Решительный бой Ньютон дал учителям по вопросу цвета. Оба они внесли свою лепту в решение проблемы цвета. Кеплер до конца жизни пронёс убеждение в том, что свет, по существу, бесцветен. А то, что цвет одного предмета отличается от другого, – результат свойства самих предметов. Цвет дан телам от природы. Свет – одна ипостась. Цвет – другая. Что такое цвет, Кеплер объяснить не пытался. Это, считал он, дело философов. Физик же должен изучать свет как таковой, а о цвете он может даже не думать.
Ньютон знал точку зрения Кеплера. До своего опыта с призмой он, вероятно, и сам разделял её.
Разумеется, он не мог не интересоваться и мнением философов. А философы того времени со свойственной им расплывчатой терминологией говорили на этот счёт самые странные и неубедительные фразы. Например, что цвет – это нечто, сконцентрированное на поверхности непрозрачных тел. Что «он существует в предвидении, видим в потенции и становится видимым в действии внешнего света».
«Из всего этого едва можно понять, каким способом свет преломляется, почему цвета различны, в чём причина их появления…» – резонно замечает Ньютон.
«Учившие доселе о цветах, – констатирует он, – делали это на словах, как перипатетики, либо стремились исследовать природу их и причины, как эпикурейцы и другие, более новые авторы. Однако же, чтобы не излагать этой дурной философии, покажем, что такие рассуждения, как, например, у форм существуют другие формы и у качества – другие качества, глупы и смешны». И Ньютон ставит себе целью изучить оптические явления при помощи опытов и математики.

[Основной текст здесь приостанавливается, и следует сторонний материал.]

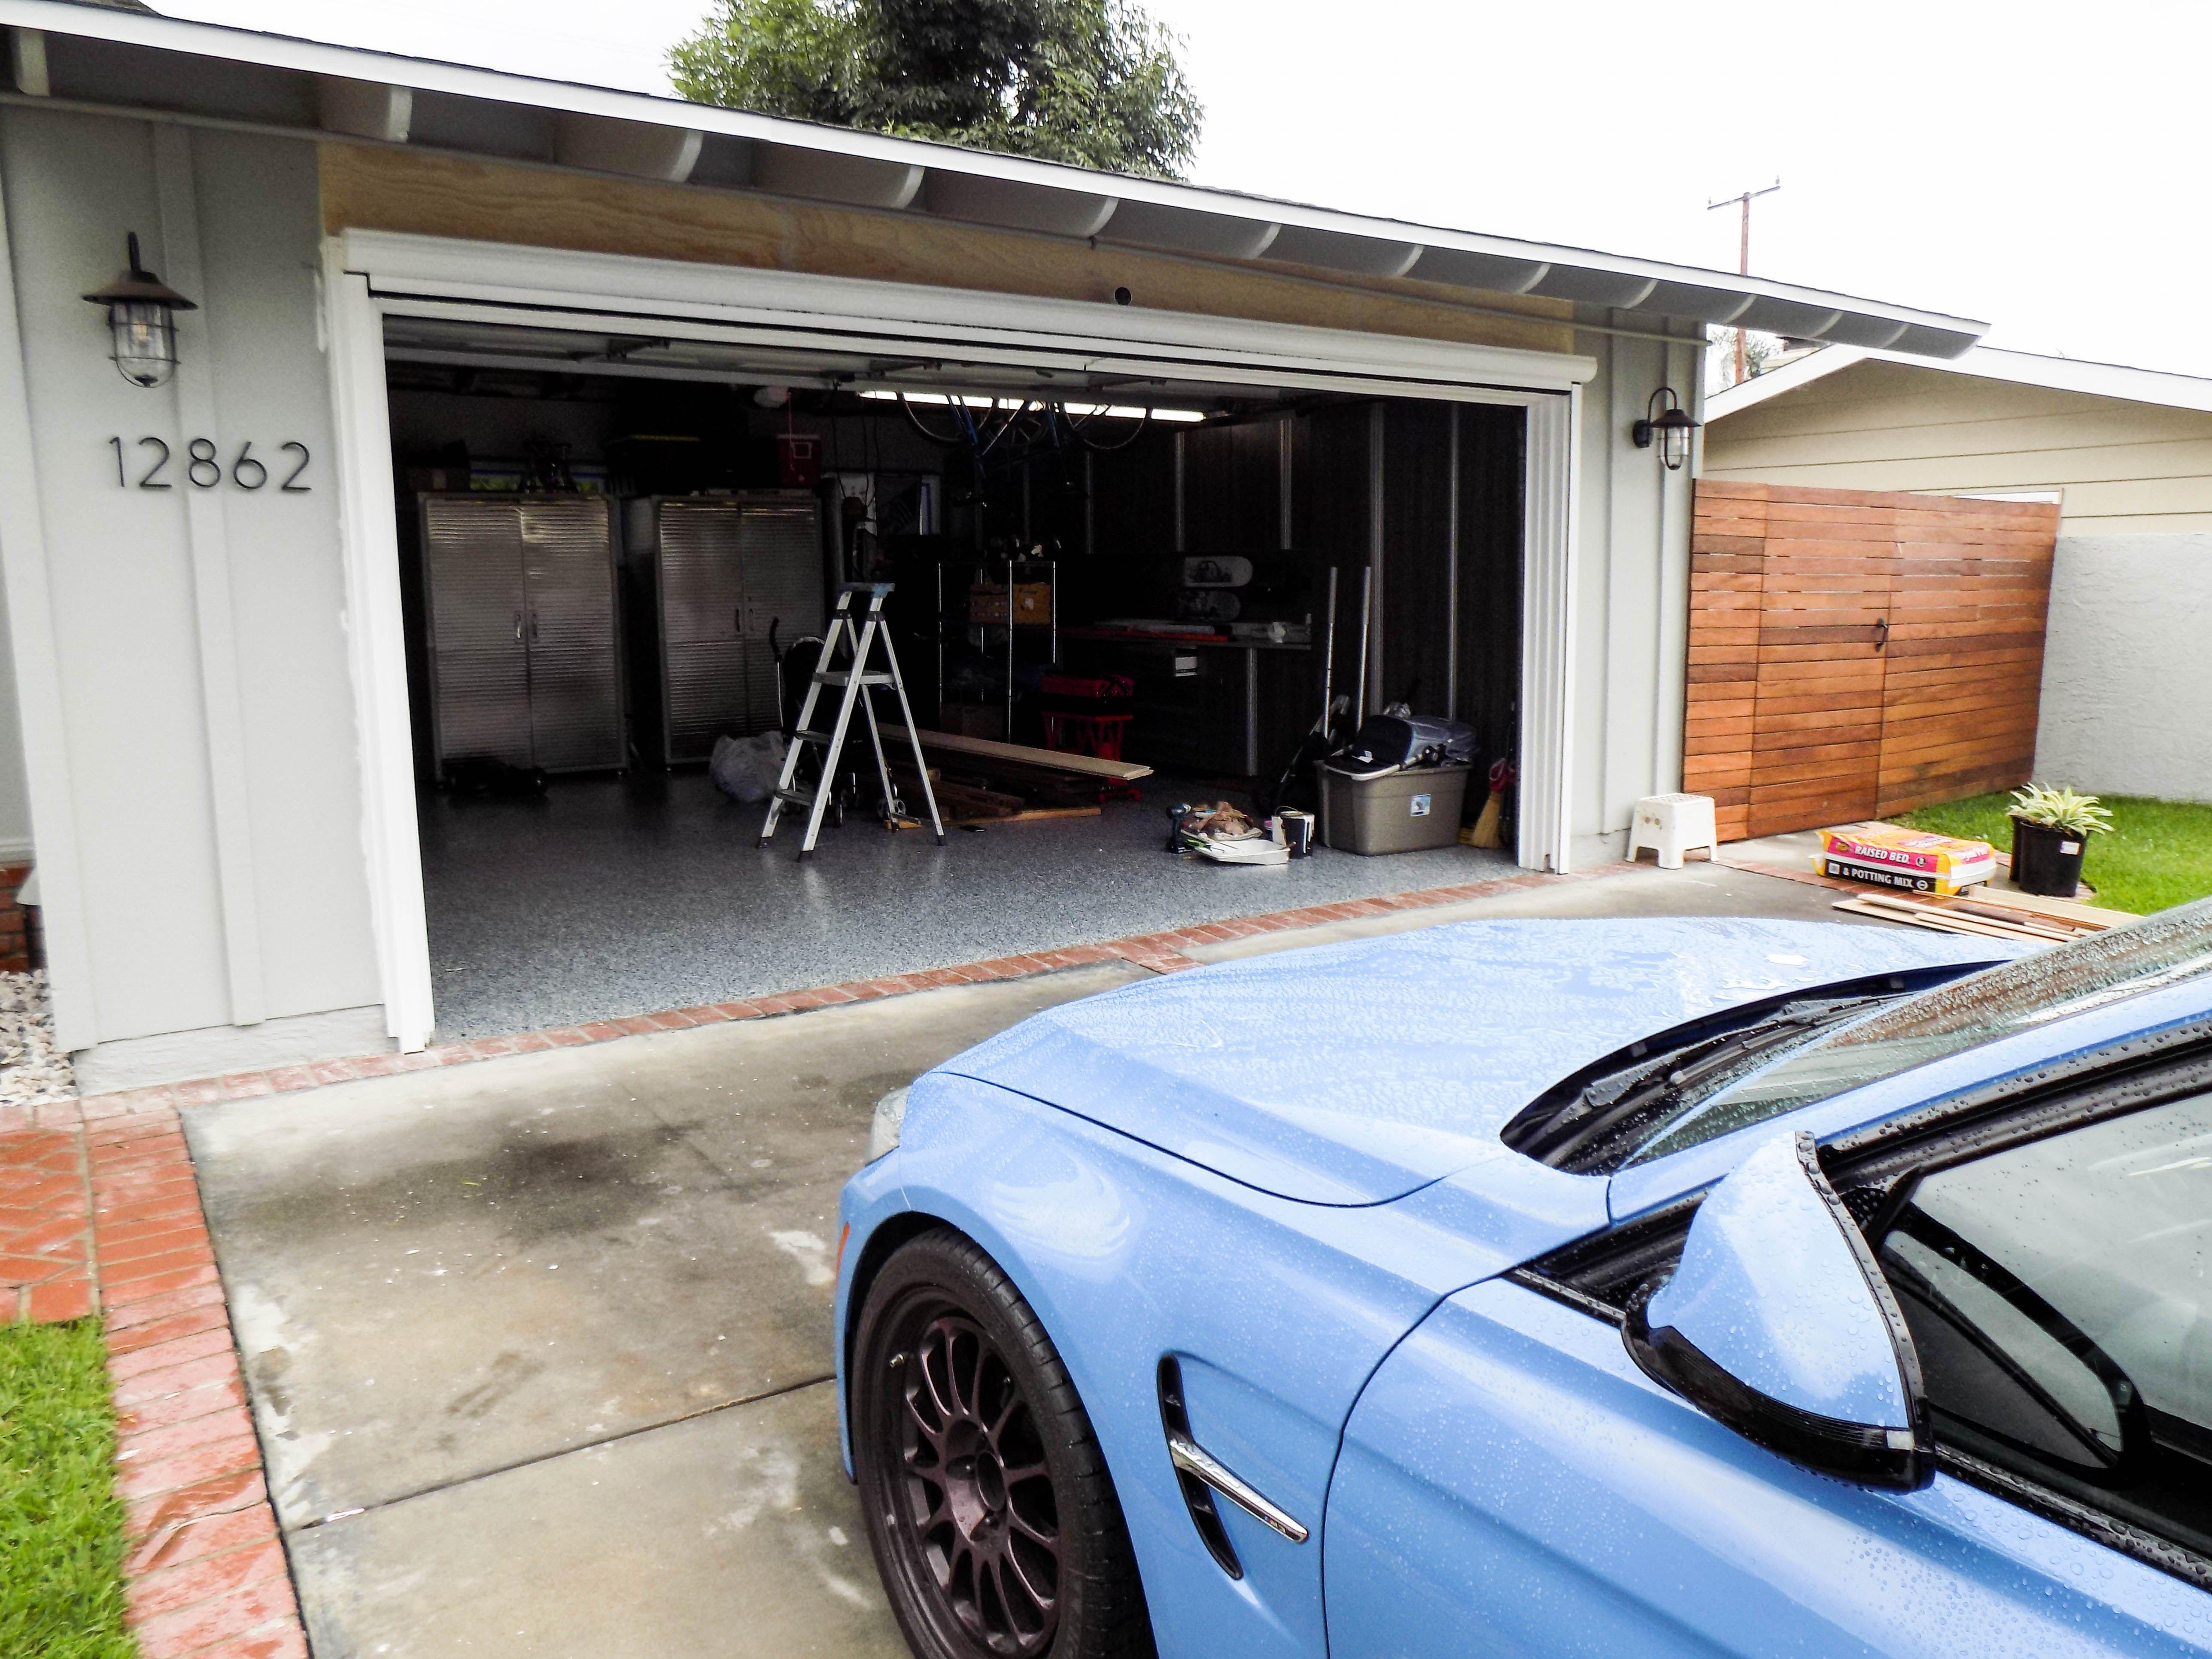 Leave Your Garage Door Open Without Compromising Your Privacy A Custom Built Motorized Power Scree Palos Verdes Estates Rancho Palos Verdes Garage Screen Door

«Я не буду смешивать домыслов с достоверностью», – пишет он и многократно повторяет эту мысль.
Пропустив белый луч через призму и расщепив его на семь составляющих, он пропускает одноцветную часть радужной полоски через вторую призму. И видит, что цвет при этом не меняется, лишь изменяется направление луча. Вывод: не призма, не вещество создаёт цвета, раз они не способны изменить «простой цвет».
Он собирает воедино радужную полоску при помощи второй призмы и видит снова белый цвет. Значит, белый цвет состоит из смеси цветных лучей. Он может быть на них разложен призмой и снова получен из них.
Итак, свет и цвет – это две ипостаси, но иные, чем думал Кеплер. Цвет не порождается окрашенными телами. Как же установить его сущность?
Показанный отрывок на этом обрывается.